When court convened the following morning for the last act in the prolonged drama of Joe Newbolt’s trial, the room was crowded even beyond the congestion of the previous day.

People felt that Sam Lucas was not through with the accused lad yet; they wanted to be present for the final and complete crucifixion. It was generally believed that, under the strain of Lucas’s bombardment, Joe would break down that day.

The interference of Alice Price, unwarranted and beyond reason, the public said, had given the accused a respite, but nothing more. Whatever mistaken notion she had in doing it was beyond them, for it was inconceivable that she could be wiser than another, and discover virtues in the accused that older and wiser heads had overlooked. Well, after the rebuke that Judge Maxwell had given her, she wouldn’t meddle again soon. It was more than anybody expected to see her in court again. No, indeed, they said; that would just about settle her.

Such a fine girl, too, and such a blow to her father. It was a piece of forwardness that went beyond the imagination of anybody in the town. Could it be that Alice Price had become tainted with socialism or woman’s rights, or any of those wild theories which roared around the wide world outside Shelbyville and created such commotion and unrest? Maybe some of those German doctrines had got into her head, such as that young Professor Gobel, whom the regents discharged from the college faculty last winter, used to teach. 312

It was too bad; nearly everybody regretted it, for it took a girl a long time to live down a thing like that in Shelbyville. But the greatest shock and disappointment of all was, although nobody would admit it, that she had shut Joe’s mouth on the very thing that the public ear was itching to hear. She had cheated the public of its due, and taken the food out of its mouth when it was ravenous. That was past forgiveness.

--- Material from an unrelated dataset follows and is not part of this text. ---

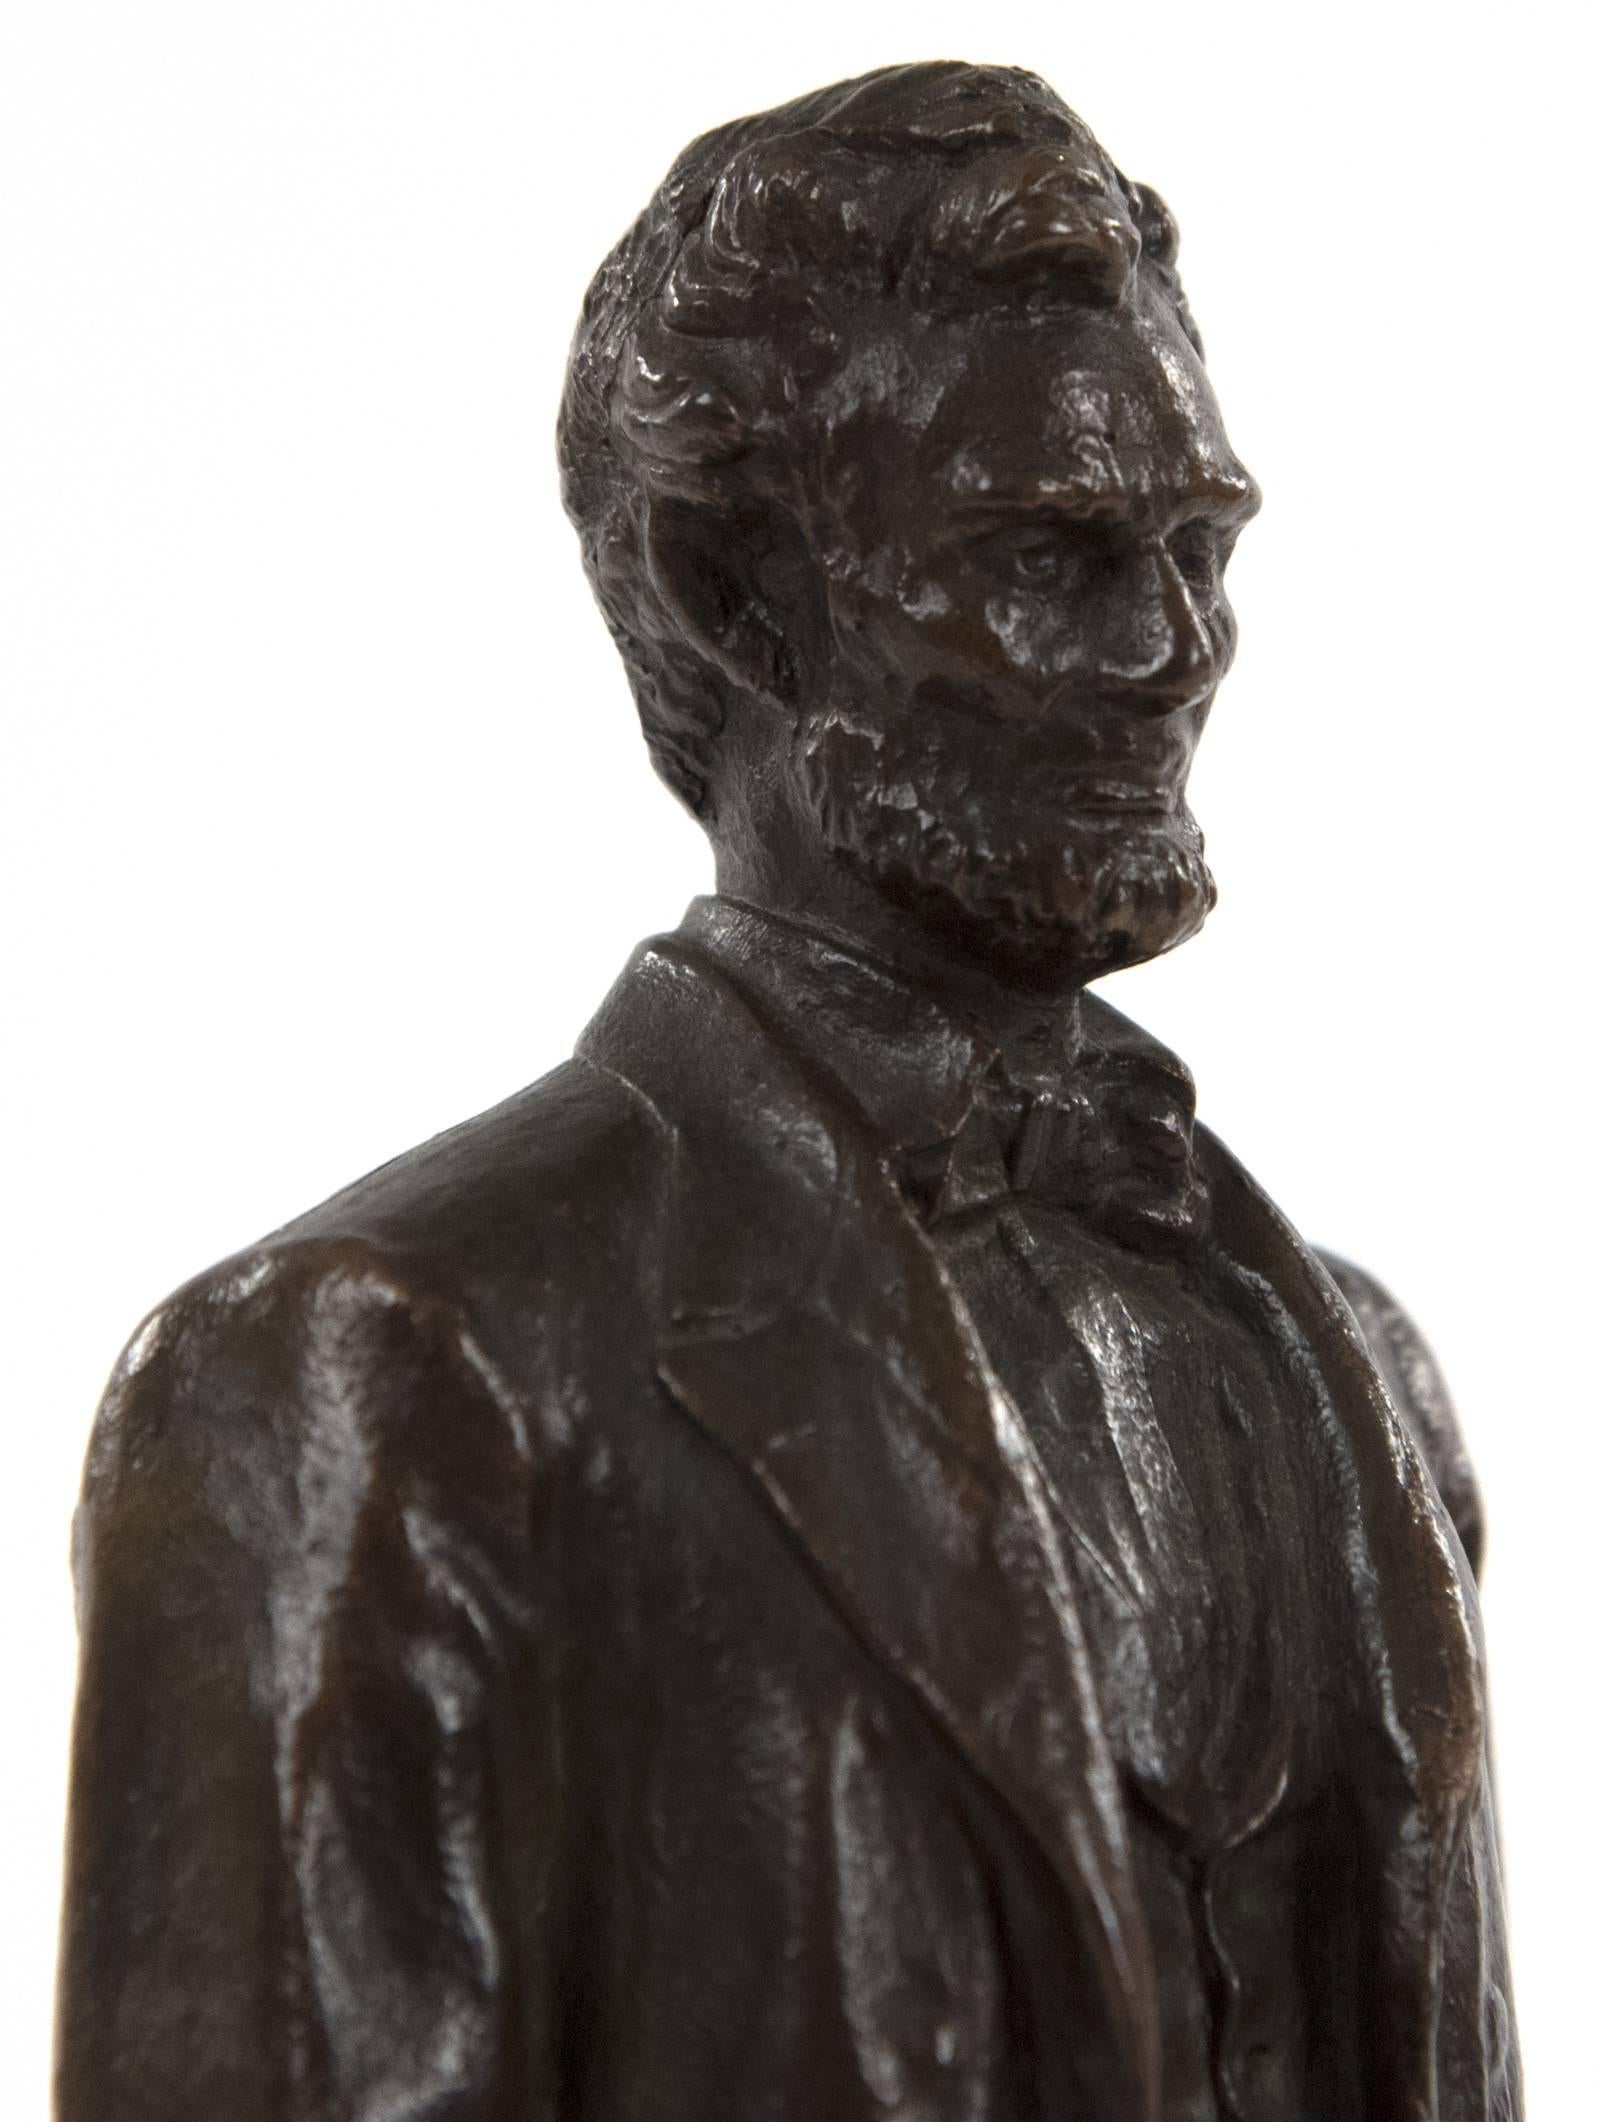 This bronze statuette of Lincoln, shown holding the emancipation proclamation in his right hand, by American sculptor George E Bissell (1839-1920), is modelled after the life-size monument element on the Scottish-American Soldiers Monument in

Dark conjectures were hatched, therefore, and scandalous hints were set traveling. Mothers said, well, they thanked their stars that she hadn’t married their sons; and fathers philosophized that you never could tell how a filly would turn out till you put the saddle on her and tried her on the road. And the public sighed and gasped and shook its head, and was comfortably shocked and satisfyingly scandalized.

The sheriff brought the prisoner into court that morning with free hands. Joe’s face seemed almost beatific in its exalted serenity as he saluted his waiting mother with a smile. To those who had seen the gray pallor of his strained face yesterday, it appeared as if he had cast his skin during the night, and with it his harassments and haunting fears, and had come out this morning as fresh and unscarred as a child.

Joe stood for a moment running his eyes swiftly over the room. When they found the face they sought a warm light shot into them as if he had turned up the wick of his soul. She was not so near the front as on the day before, yet she was close enough for eye to speak to eye.

People marked the exchange of unspoken salutations between them, and nudged each other, and whispered: “There she is!” They wondered how she was going to cut up today, and whether it would not end for her by getting herself sent to jail, along with that scatter-feathered young crow whom she seemed to have taken into her heart. 313

Ollie was present, although Joe had not expected to see her, he knew not why. She was sitting in the first row of benches, so near him he could have reached over and taken her hand. He bowed to her; she gave him a sickly smile, which looked on her pale face like a dim breaking of sun through wintry clouds.